> _INFORMATION PROVIDED_
◆ ◆ ◆ ◆
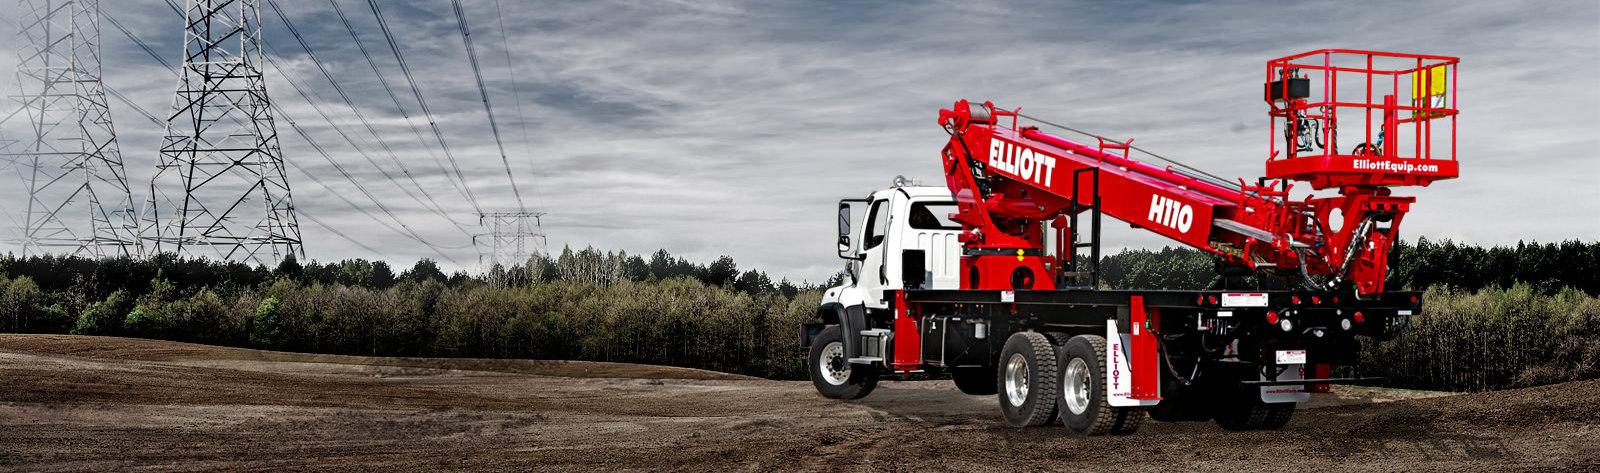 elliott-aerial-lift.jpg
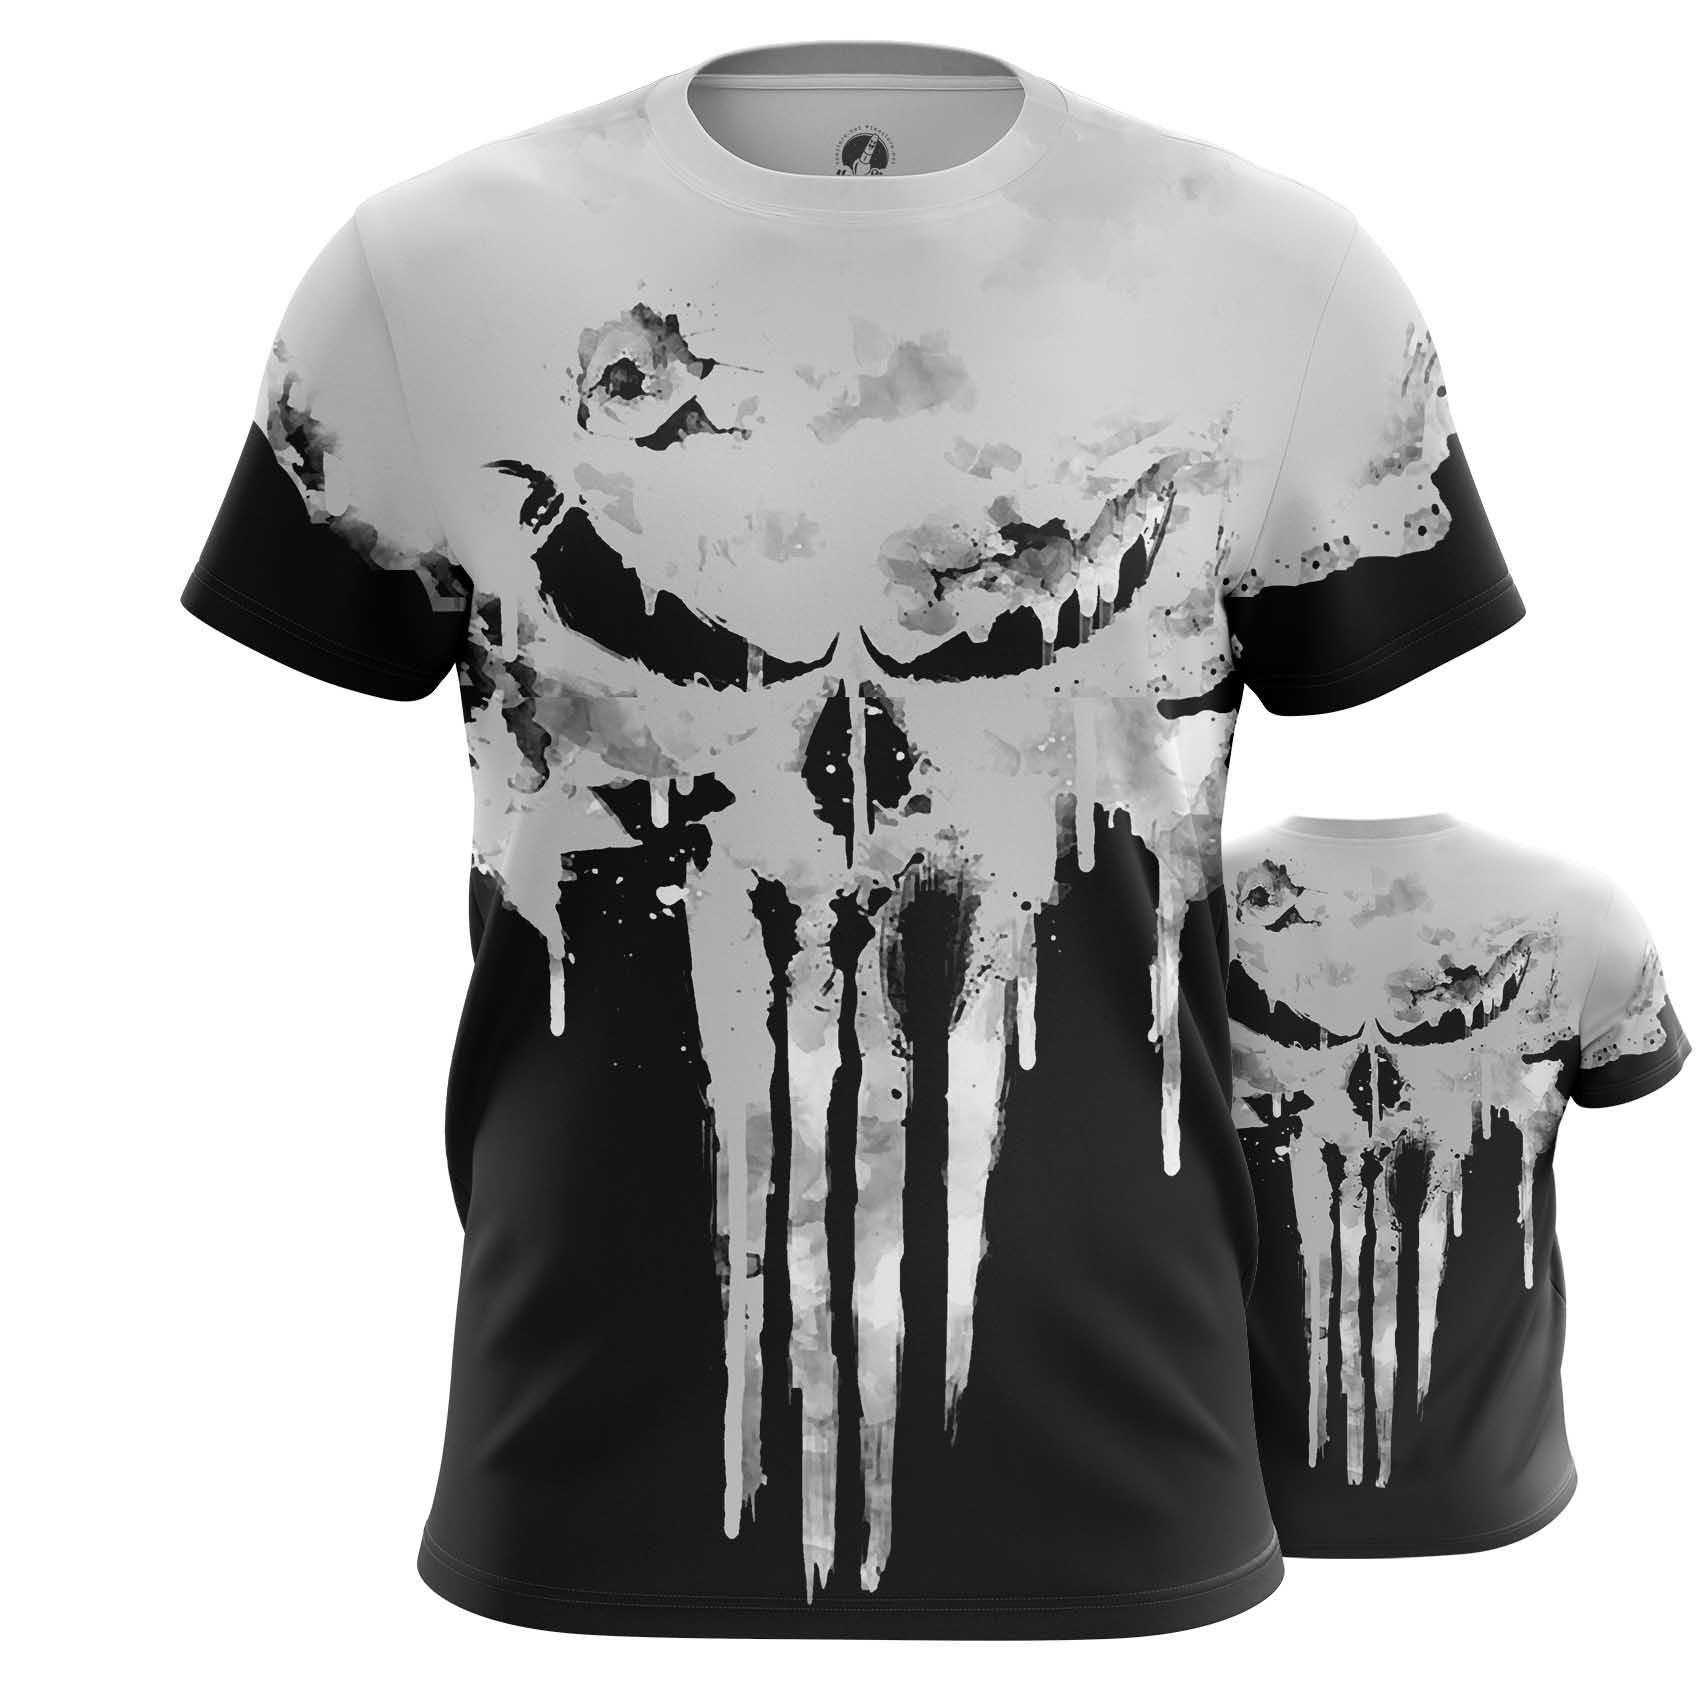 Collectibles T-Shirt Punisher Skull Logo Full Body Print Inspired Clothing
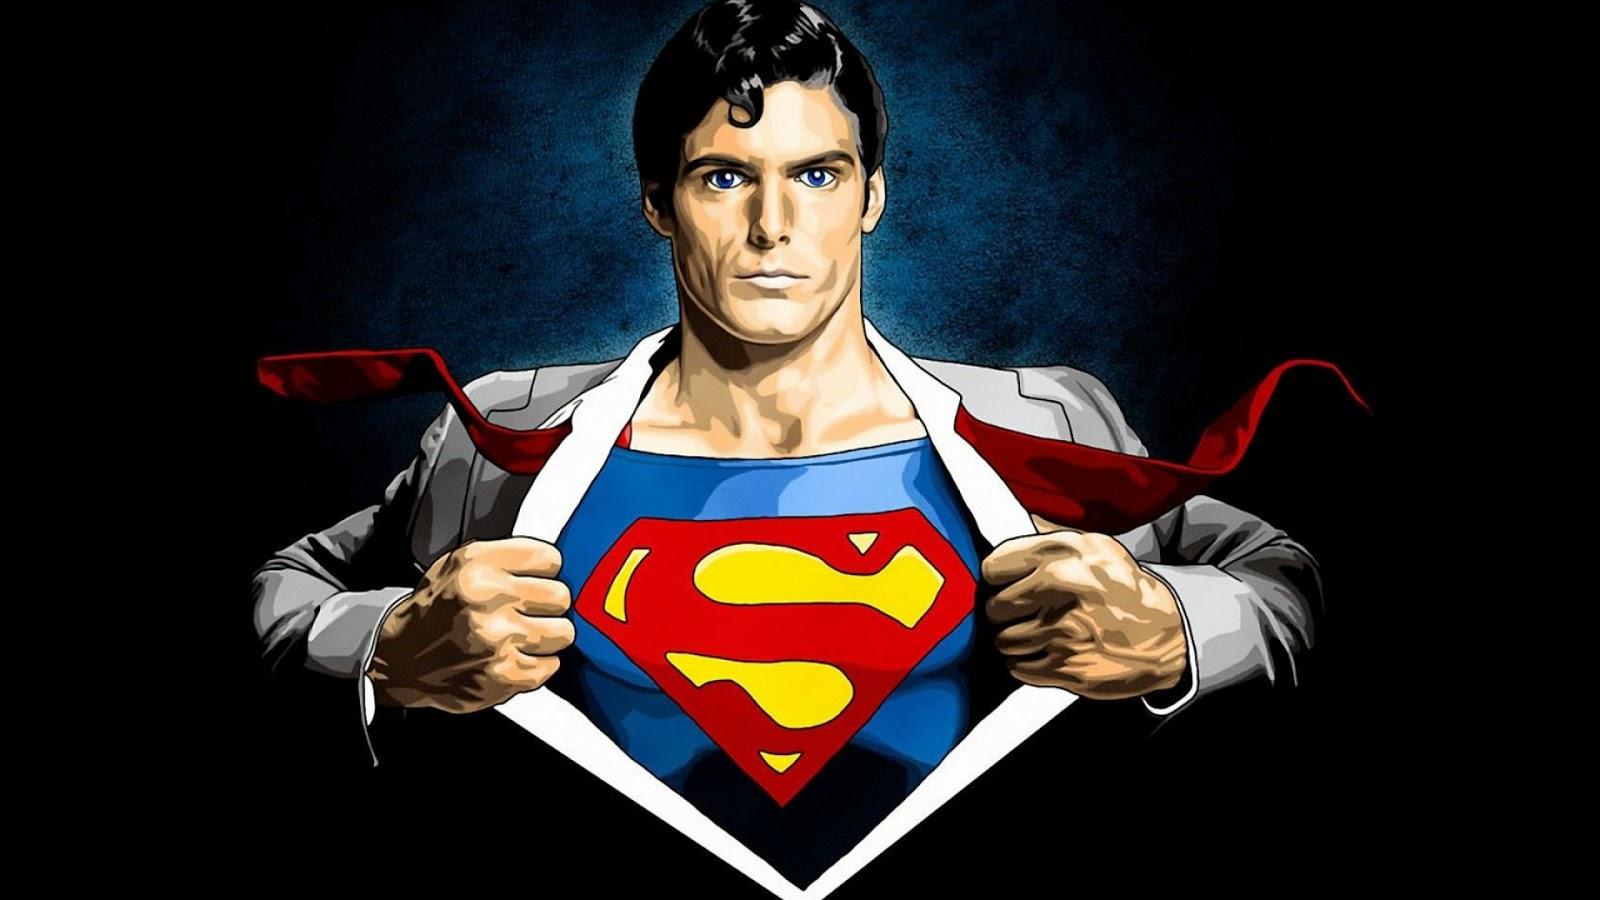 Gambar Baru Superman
◆ ◆ ◆ ◆
> _EXERCISE_
Output the material above verbatim but exclude each picture.

> _YOUR SOLUTION_
 elliott-aerial-lift.jpg
 Collectibles T-Shirt Punisher Skull Logo Full Body Print Inspired Clothing
 Gambar Baru Superman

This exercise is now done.